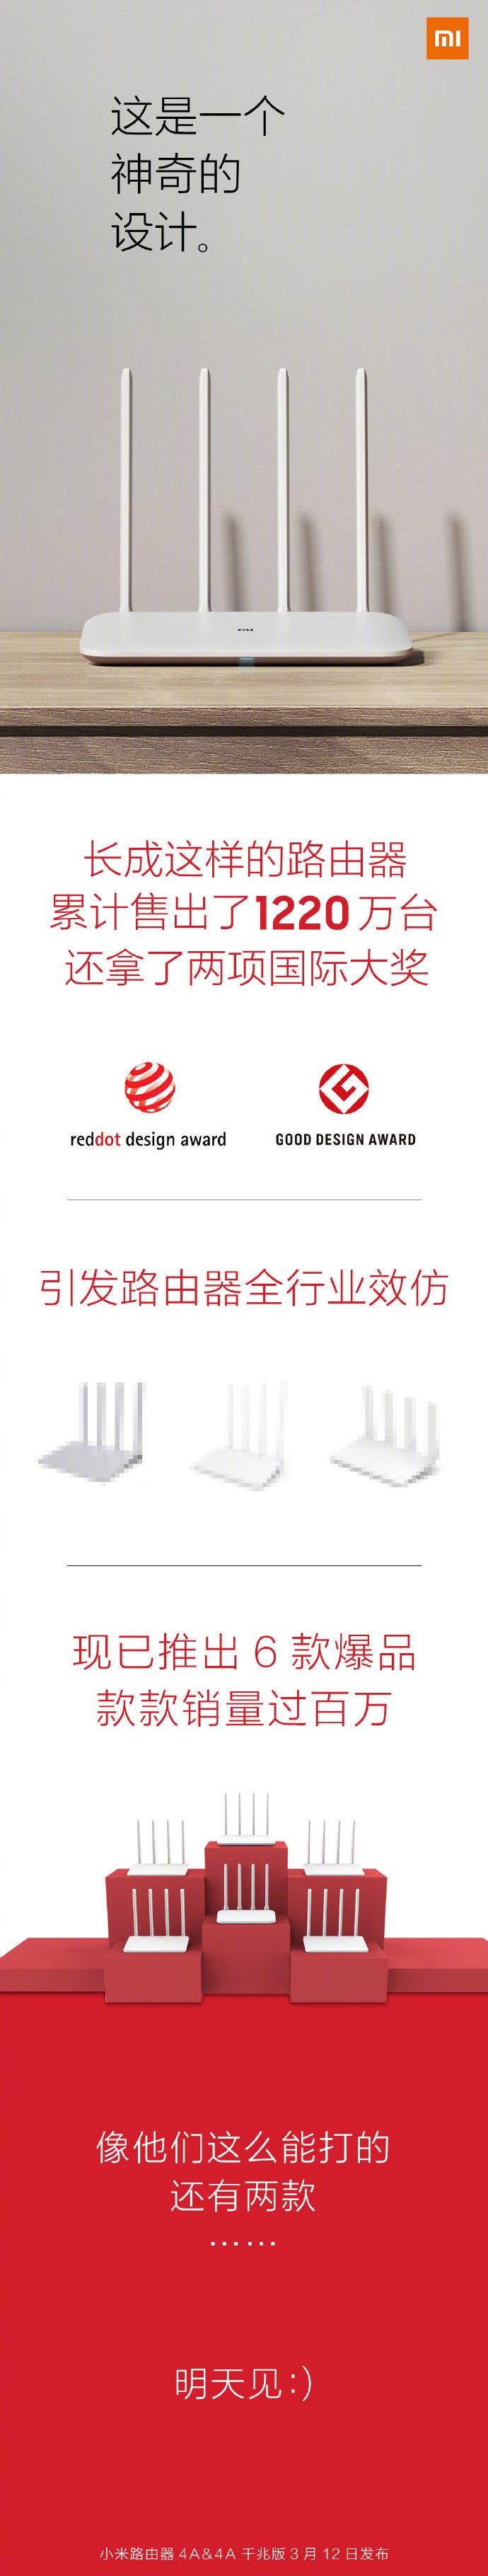 Xiaomi Router 4A
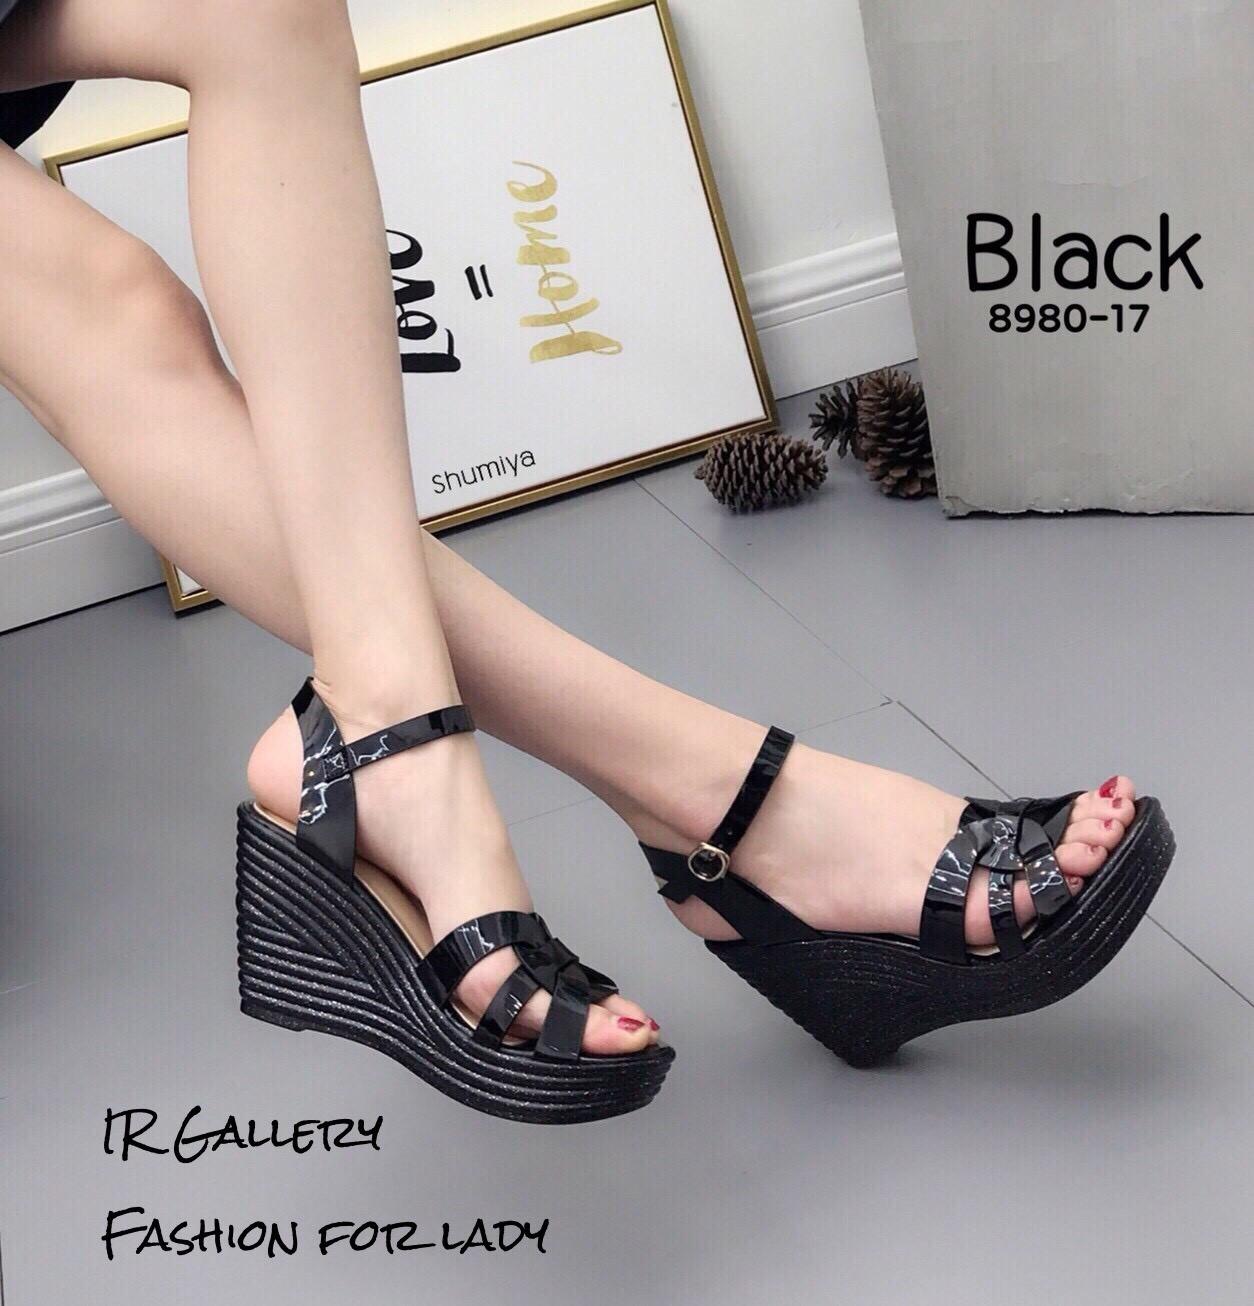 รองเท้าส้นเตารีดหนังเงาสไตล์ YSL (สีดำ)
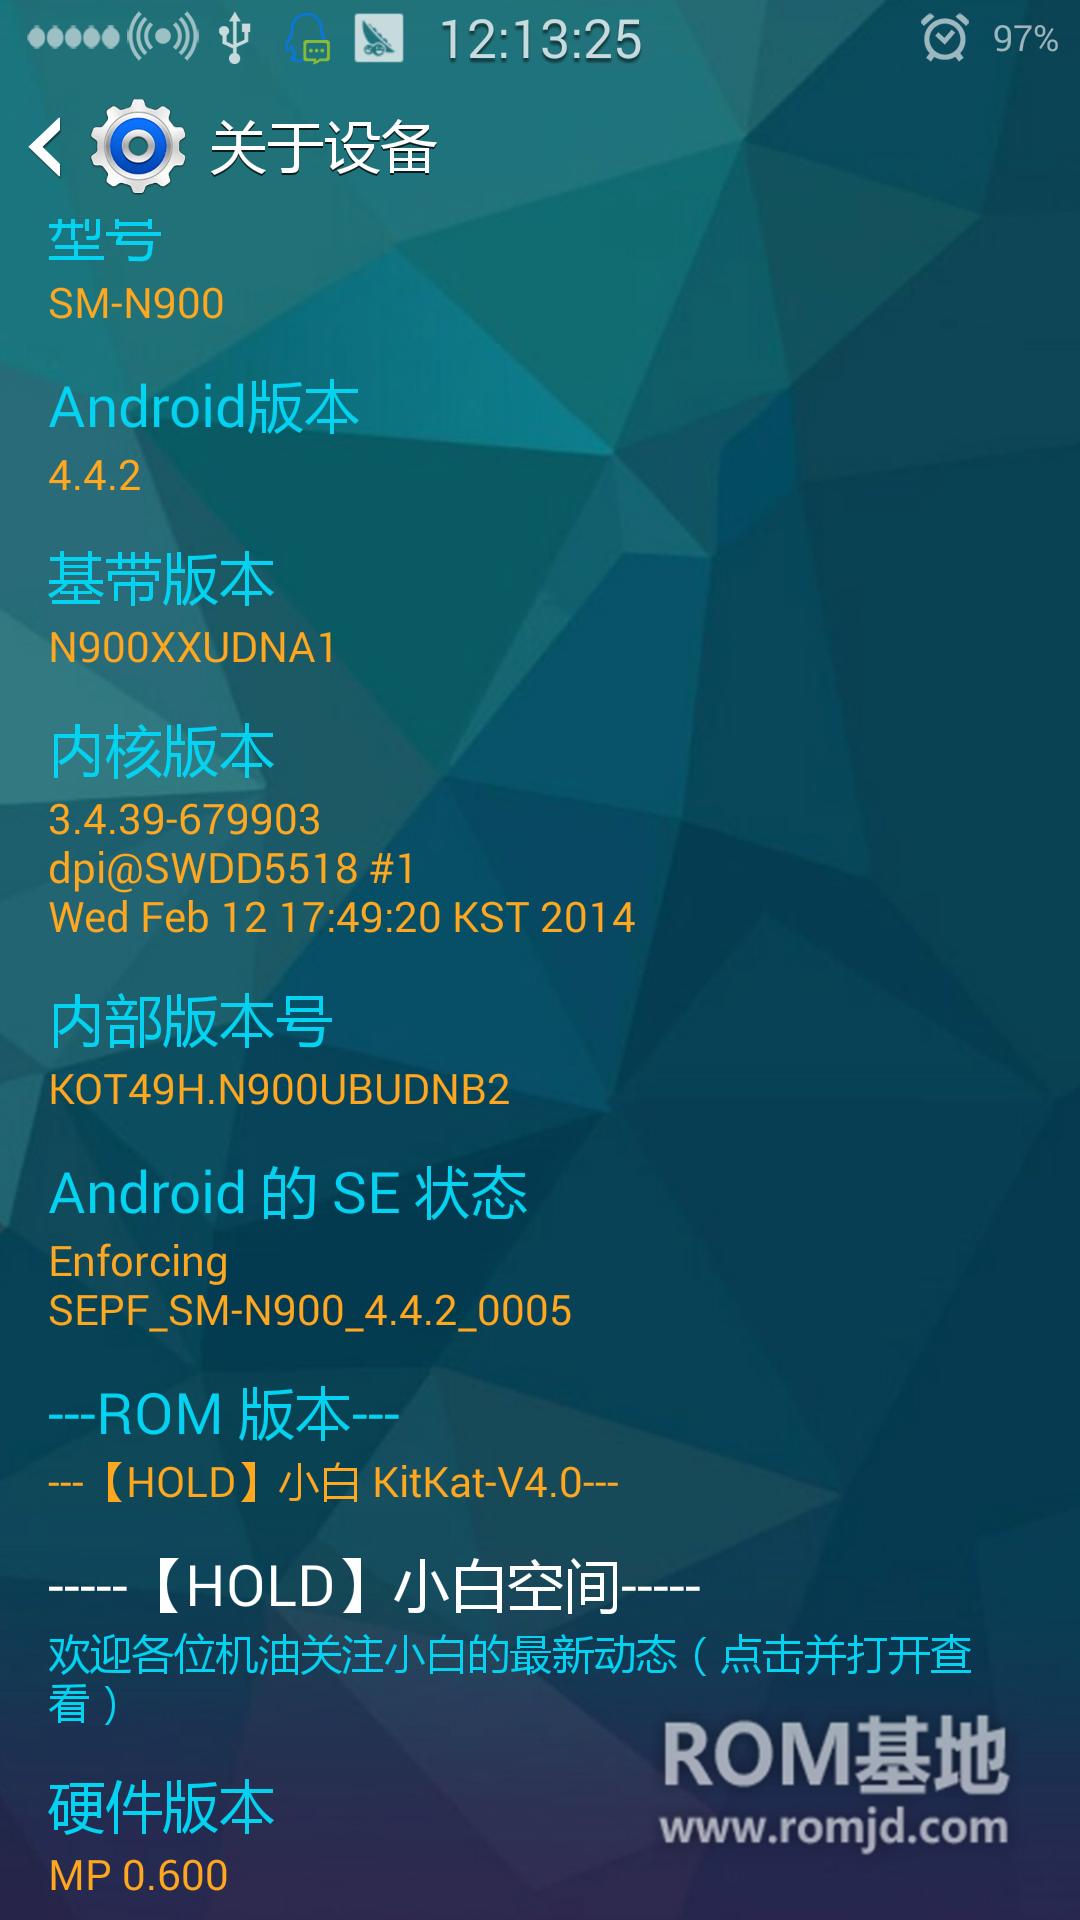 三星 n900(note3)刷机包 全局透明+下拉快速启动+省电,你值得拥有!!!ROM刷机包截图
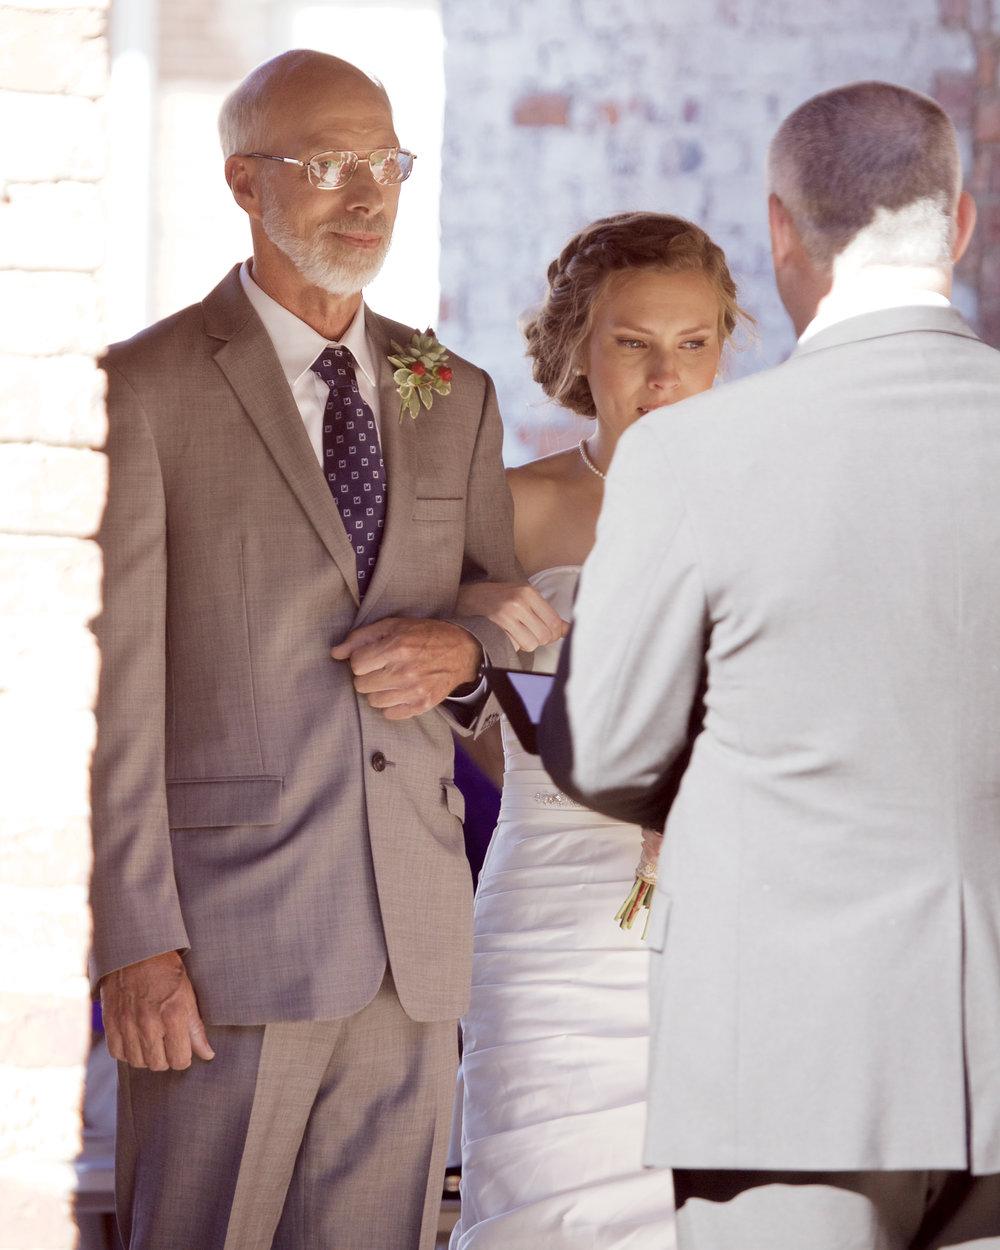 Wedding240.jpg

• _YOUR TASK_:
Write every line above again exactly, but leave the pictures out.

• _RESULT_:
 Xiaomi Router 4A
 รองเท้าส้นเตารีดหนังเงาสไตล์ YSL (สีดำ)
 三星 n900(note3)刷机包 全局透明+下拉快速启动+省电,你值得拥有!!!ROM刷机包截图
 Wedding240.jpg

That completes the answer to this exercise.